Palazzo Mirto – Residenza dei principi Lanza Filangeri, il palazzo è stato più volte adattato alle esigenze della famiglia. L’aspetto attuale risale alla fine del ‘700. Appena entrati, sulla sinistra, si trova la bella scuderia ottocentesca in cui i recinti sono ornati da teste bronzee di cavalli. Uno scalone in marmo rosso permette di accedere al piano nobile che conserva gli arredi originari. Tra i vari ambienti spicca il salottino cinese con il pavimento in cuoio e le pareti in seta dipinta a scene di vita quotidiana ed un bel trompe-l’oeil al soffitto. Era un piccolo fumoir adibito anche al gioco delle carte. L’ambiente successivo, una piccola anticamera, custodisce un bel servizio di piatti napoletano dell’800 che riproduce personaggi in costume. Si dice che il servizio venisse utilizzato in occasione dei balli in maschera e che ogni invitato sedesse davanti al piatto con ritratto il suo costume. Sull’anticamera si affaccia inoltre un altro singolare fumoir dalle pareti in cuoio bulinato e dipinto, materiale molto utilizzato nelle sale per i fumatori proprio perchè non si impregna di fumo. Il salotto Pompadour colpisce per la ricchezza delle pareti in seta con ricami floreali pavimento a mosaici è l’unico conservatosi. Nella sala da pranzo è esposto un bel servizio di porcellana Meissen (XVIII sec) a fiori ed uccelli.

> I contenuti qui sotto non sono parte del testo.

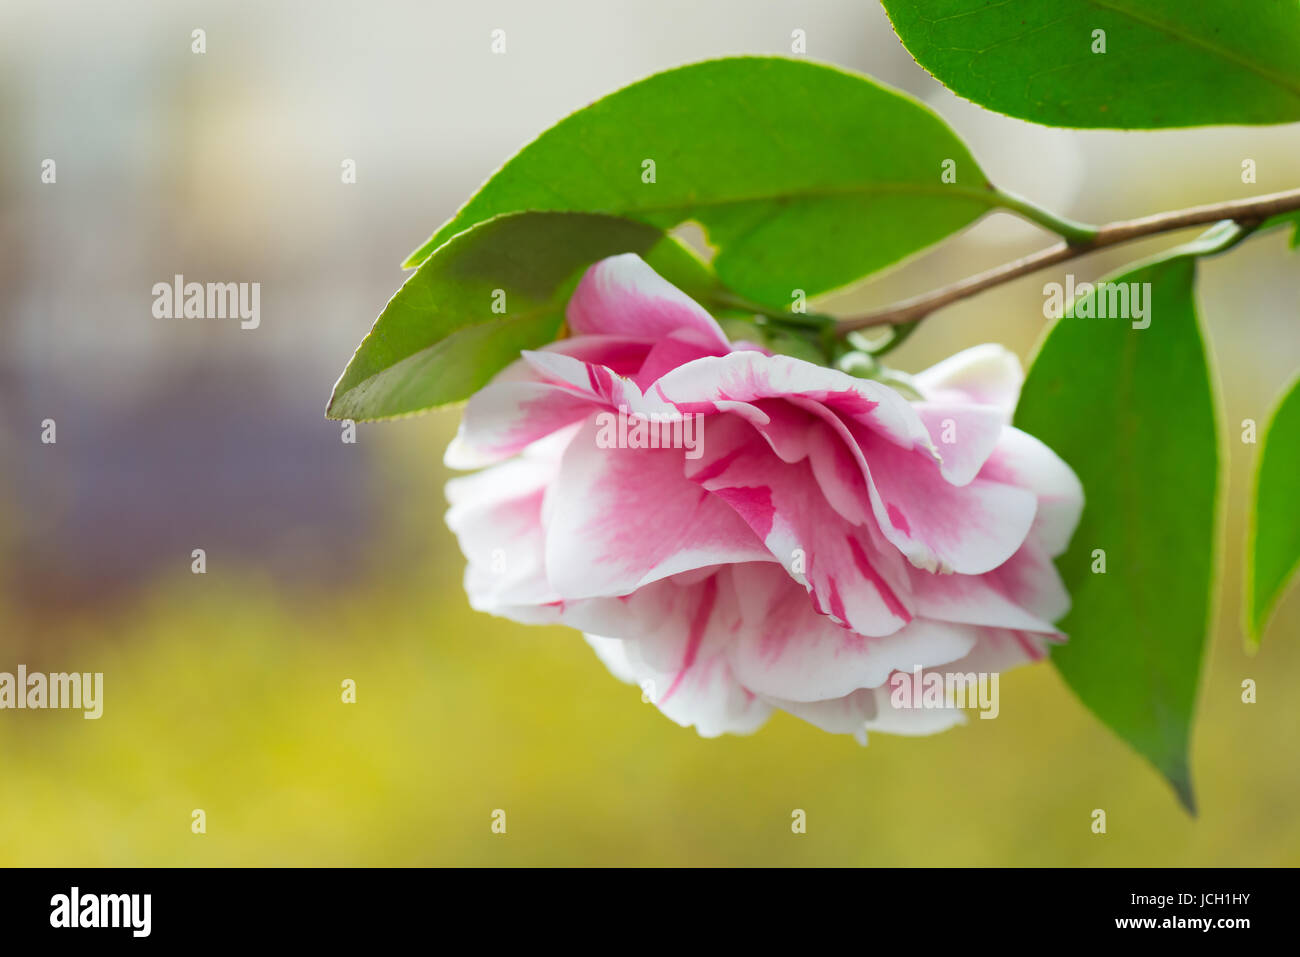 A pink and white, drooping, evergreen Camellia (Camellia japonica) set against a softly blurred background. Georgia, United States, North America. Stock Photo
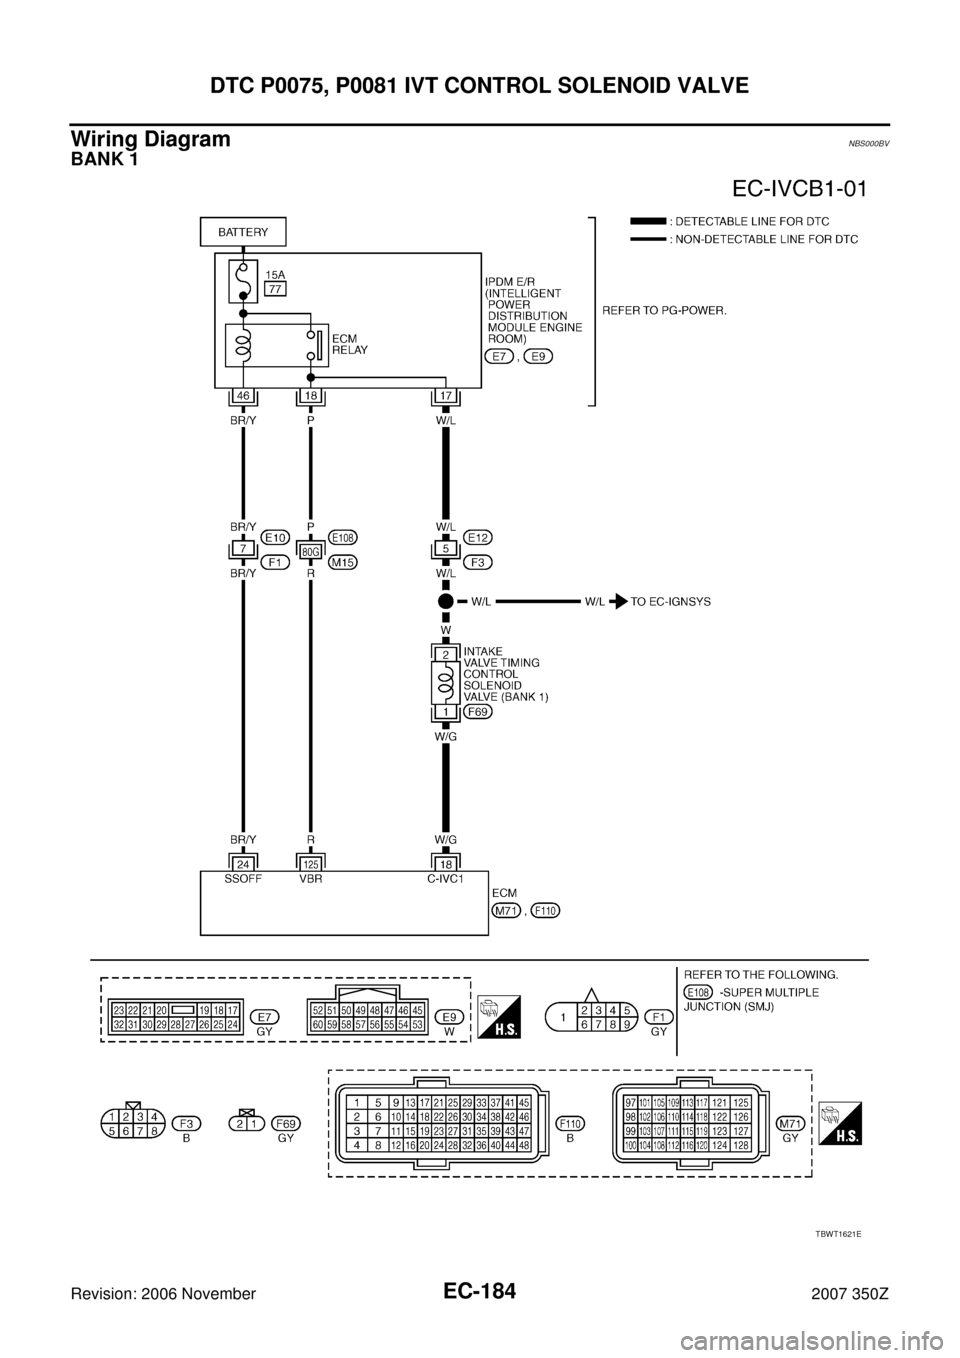 NISSAN 350Z 2007 Z33 Engine Control User Guide EC-184
DTC P0075, P0081 IVT CONTROL SOLENOID VALVE
Revision: 2006 November2007 350Z
Wiring DiagramNBS000BV
BANK 1
TBWT1621E

Piazza Marina – La Piazza nel cuore della Palermo Medievale, è occupata al centro dal grazioso giardino Garibaldi che conserva magnifici esemplari di magnolie dalle radici aeree così sviluppate e robuste da essere divenute esse stesse della consistenza del tronco. La piazza è circondata da bei palazzi tra cui palazzo Galletti (n° 46), palazzo Notarbartolo (n° 51) ed il famoso palazzo Chiaramonte. Sul lato diametralmente opposto a quest’utimo si trova la graziosa fontana del Garraffo realizzata alla fine del 600 da G. Vitaliano su progetto di Amato.

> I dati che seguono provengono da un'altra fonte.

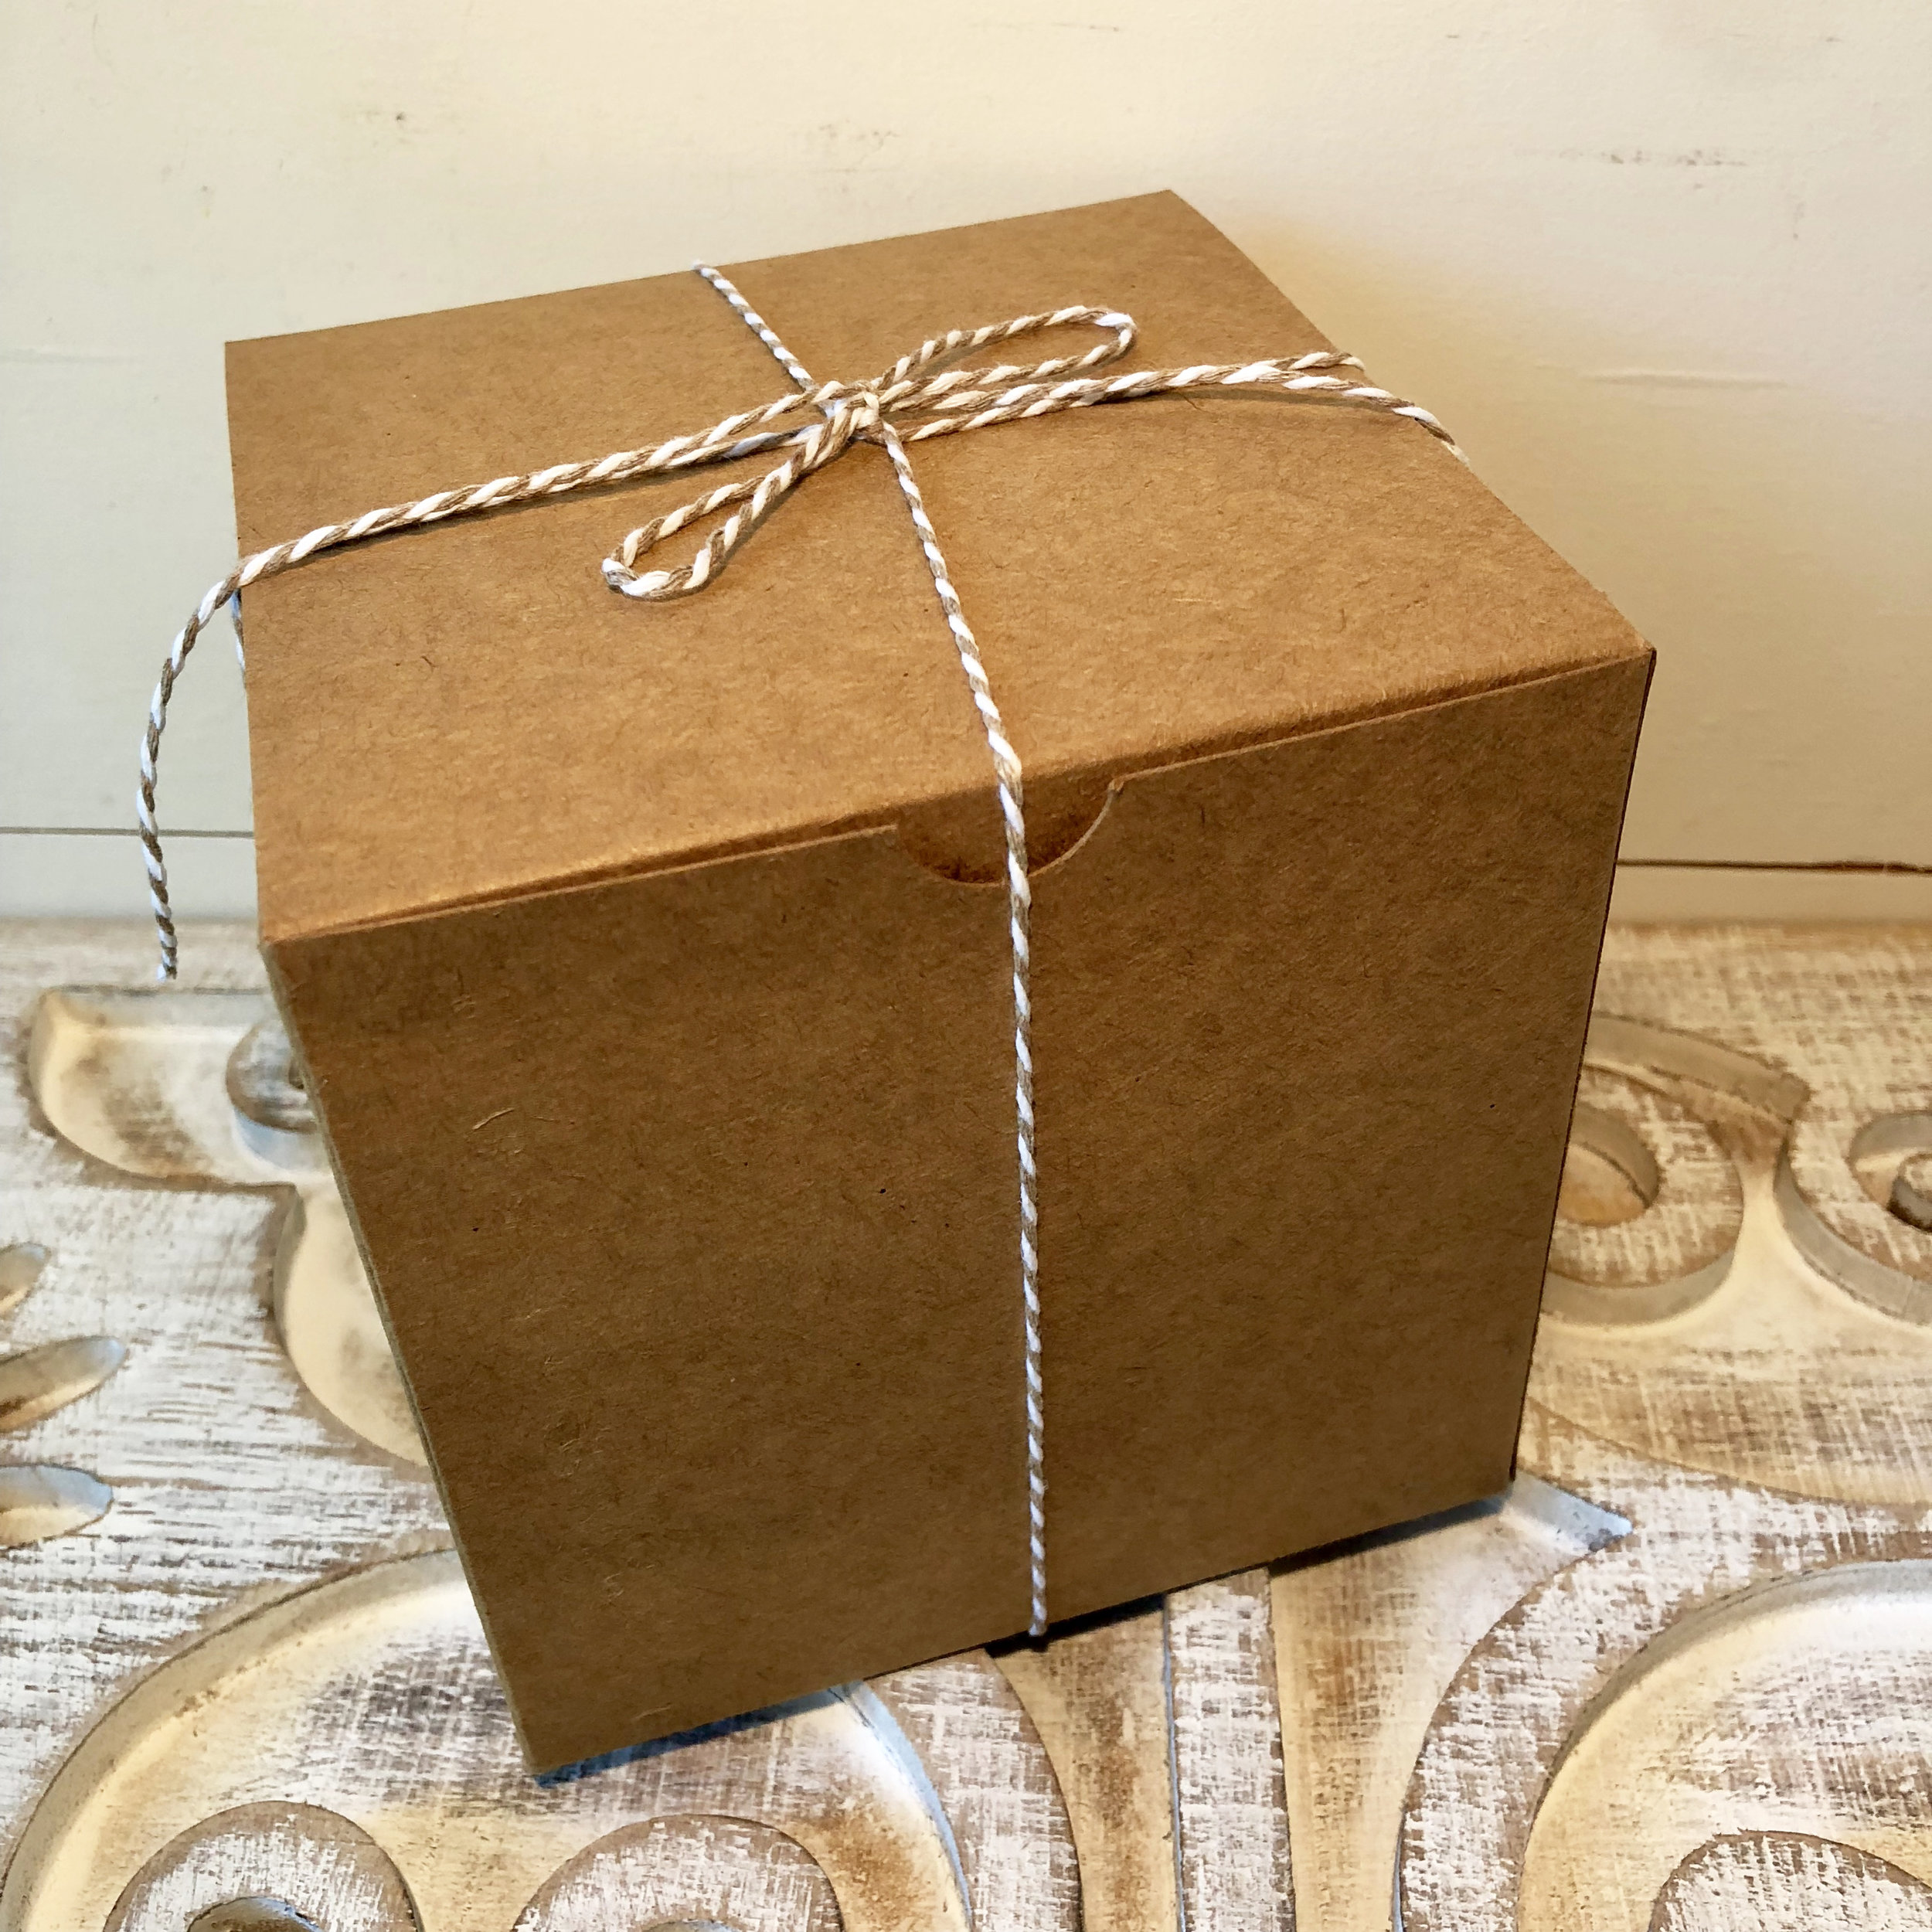 BEE GIFT BOX - parents to bee — Rustic Zebra Boutique

Palazzo Chiaramonte – E’ un bel palazzo costruito nel 1307 dalla famiglia di cui porta il nome, una delle più facoltose e potenti del periodo aragonese. L’edificio viene anche chiamato Lo Steri da Hosterium, dimora fortificata, caratteristica forma squadrata e pulita. Passato nelle mani dei vicerè spagnoli, nel ‘600, diviene sede del Tribunale dell’inquisizione fino al 782, data di abolizione di questa istituzione in Sicilia. La facciata è arricchita da due ordini di bellissime trifore (si noti in particolare il lavoro di intarsio in pietra dell’arco che corona quelle del primo livello). Lo stile gotico nelle linee essenziali, ha caratteristiche peculiari tanto da venir definito stile chiaramontano, utilizzato in parecchi edifici civili siciliani dello stesso periodo.

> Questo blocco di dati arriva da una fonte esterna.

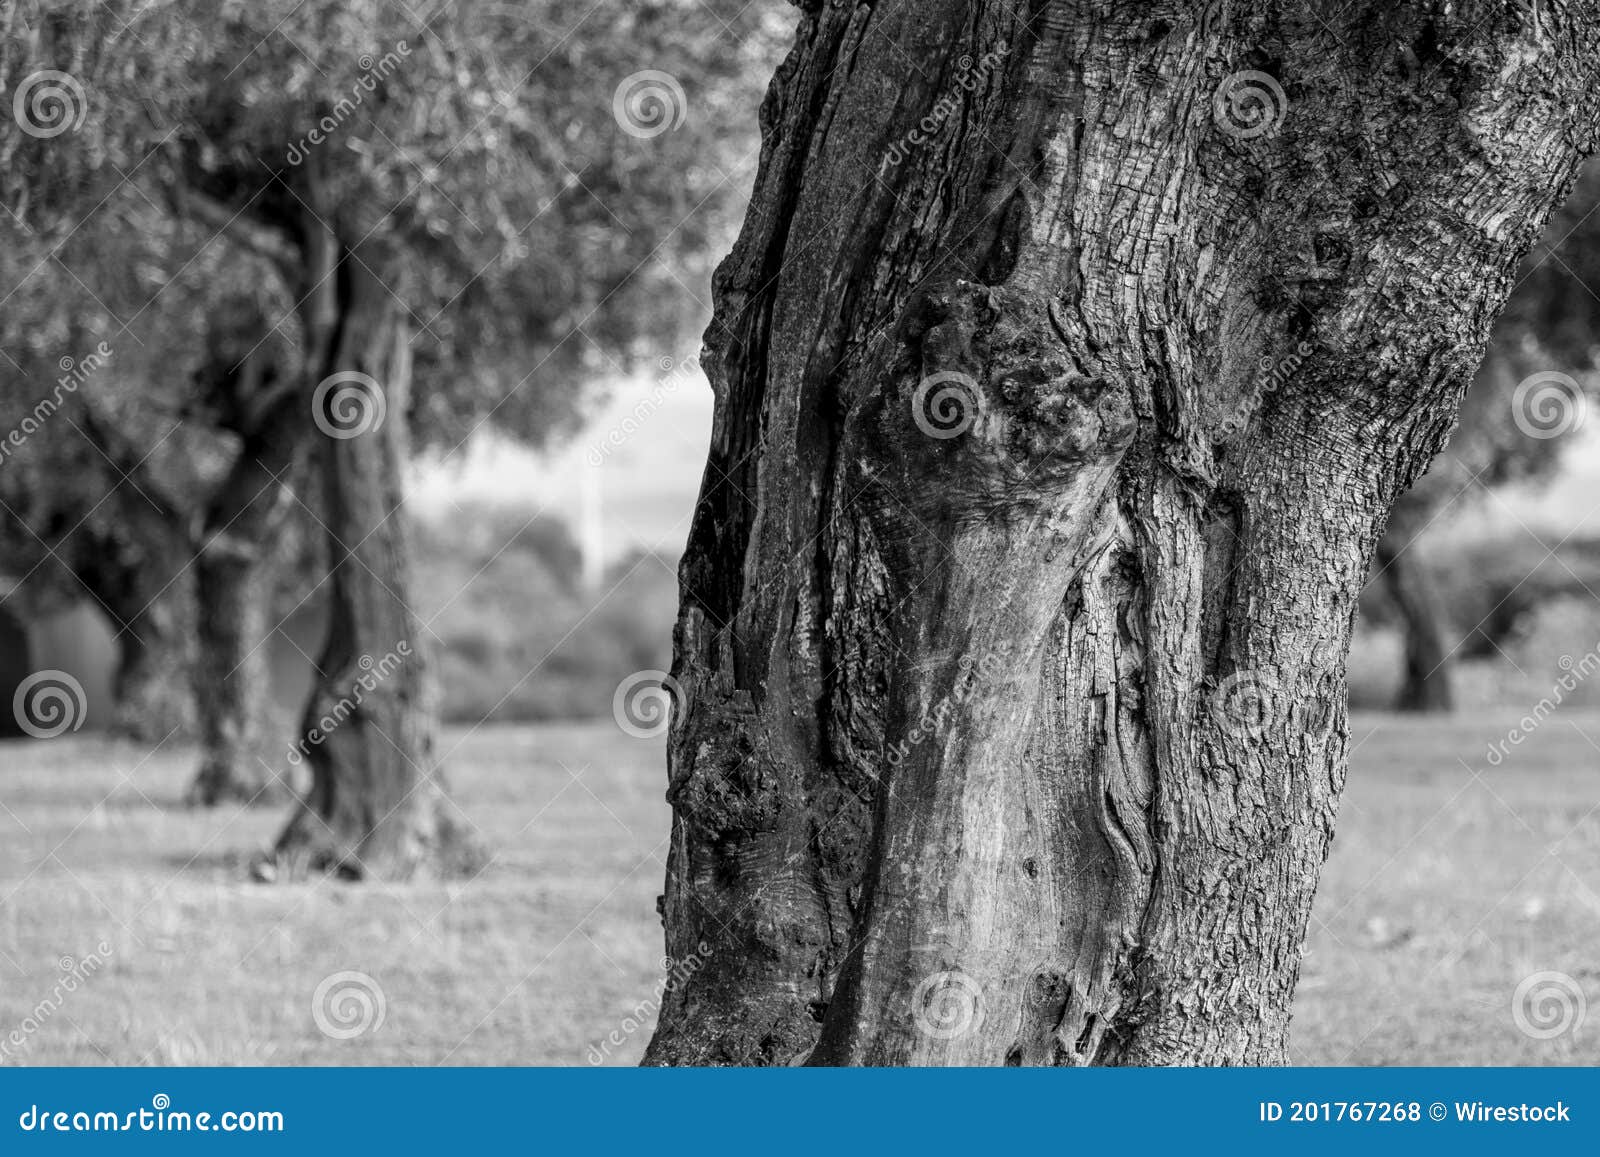 close-up of a row of olive trees

Museo Internazionale delle Marionette – Il museo possiede una bella e ricchissima collezione tra pupi, marionette, ombre, scenari e pannelli provenienti da tutto il mondo. Le prime sale sono dedicate ai pupi siciliani, molti dei quali presentati sulla “scena”. Si ammirino in particolare i volti dai tratti delicati dei pupi del teatro di Gaspare Canino (XIX sec.). La seconda sezione invece è dedicata alla tradizione europea, con marionette famose (come ad esempio le inglesi Puncla and Judy), ed extraeuropea, con una vasta sezione orientale: burattini cinesi, marionette indiane, birmane, vietnamite, tailandesi, africane nonchè ombre turche, indiane e malesi (in cuoio), tutte presentate in una suggestiva penombra che rievoca emozioni e sensazioni lontane. Si noti, nella sala IV la hsaing waing, l’orchestra birmana ove trovavano posto i musici che iniziavano a suonare un’ora prima dello spettacolo con musiche che seguivano un rituale simbolico. L’ultima sezione presenta invece i pupi particolari, preparati per una morte violenta e spettacolare. Il museo ospita un teatrino, ancora oggi attivo (informazioni presso il museo stesso). Lungo le pareti della sala sono appesi cartelli di pupari, manifesti illustrati utilizzati dai cantastorie come supporto ai racconti orali.
Palazzo Branciforte-Butera – E’ un palazzo fortemente restaurato che ha l’ingresso principale in via Butera, ma il cui prospetto si affaccia sul piano alto della Marinai. E’ preceduto da un bel passeggio e dalla terrazza chiamata Mura delle Cattive.